Just for context: Most of our (Asahi) developers' workflow involves
loading kernels over USB from another machine. That other machine can be
any OS, but if it's another M1/2 running macOS you get the additional
perk of USB-PD tooling to remote-force-reboot the target machine as well
as get a real physical serial port. The same tooling could be ported to
Linux-on-M1/2 relatively easily, but nobody has done that yet (probably
because these days we have a hypervisor that gives you a superset of
that functionality anyway, over standard USB, so it's not that necessary).

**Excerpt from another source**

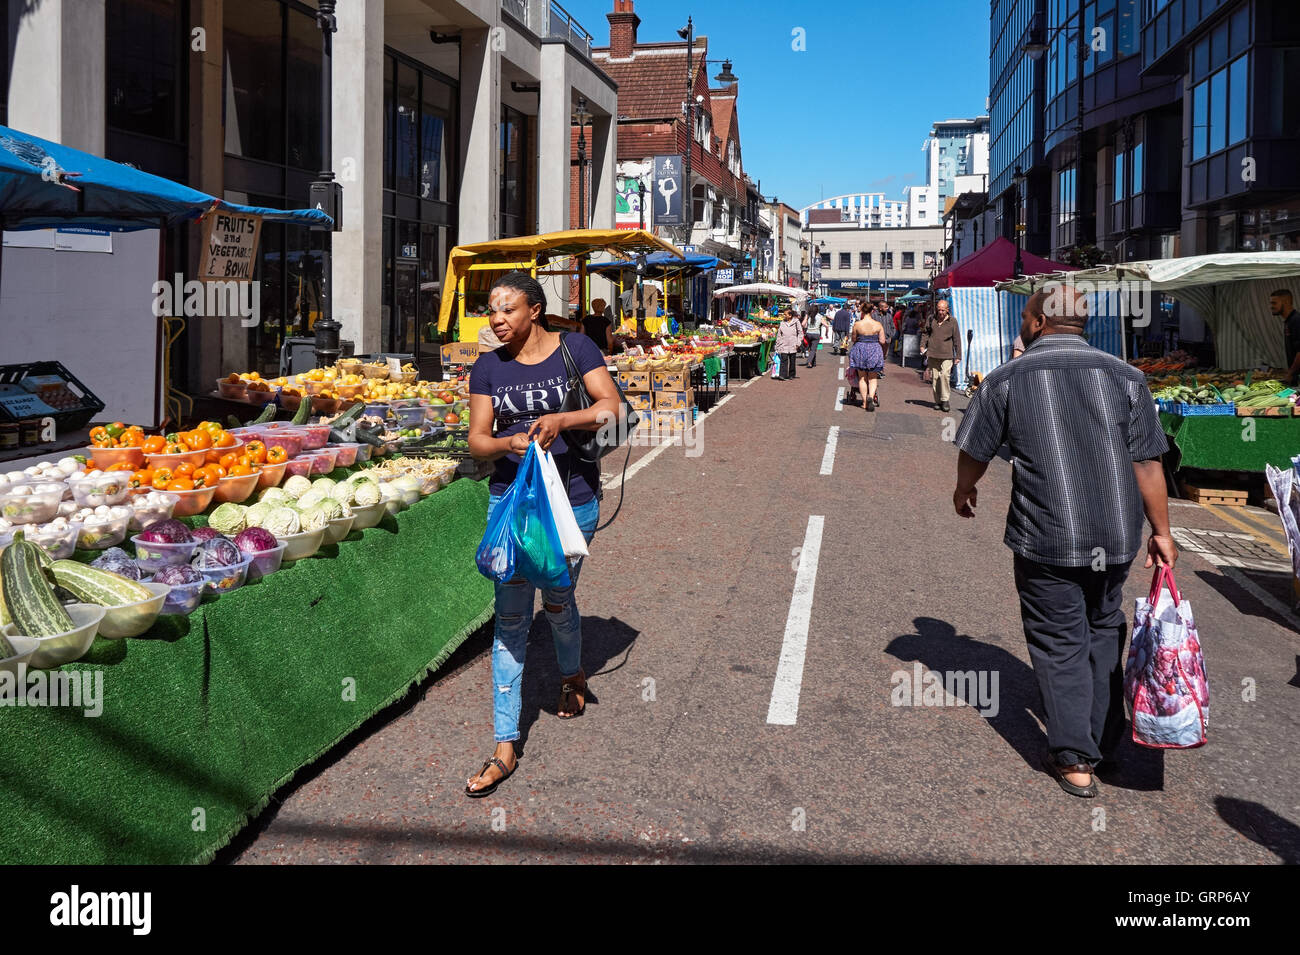 Surrey Street Market in Croydon, London England United Kingdom UK Stock Photo

I personally use an x86 host and a hardware contraption to provide the
same hard reboot/UART functionality (for the rare case when the
hypervisor borks, to avoid having to hold down power buttons).

So there are certainly some people who'd benefit from using a macOS
machine as a build host, either for the special USB-PD functionality or
because they just like macOS as a development environment. It sounds
like getting it to work isn't that hard, so perhaps it's worth upstreaming?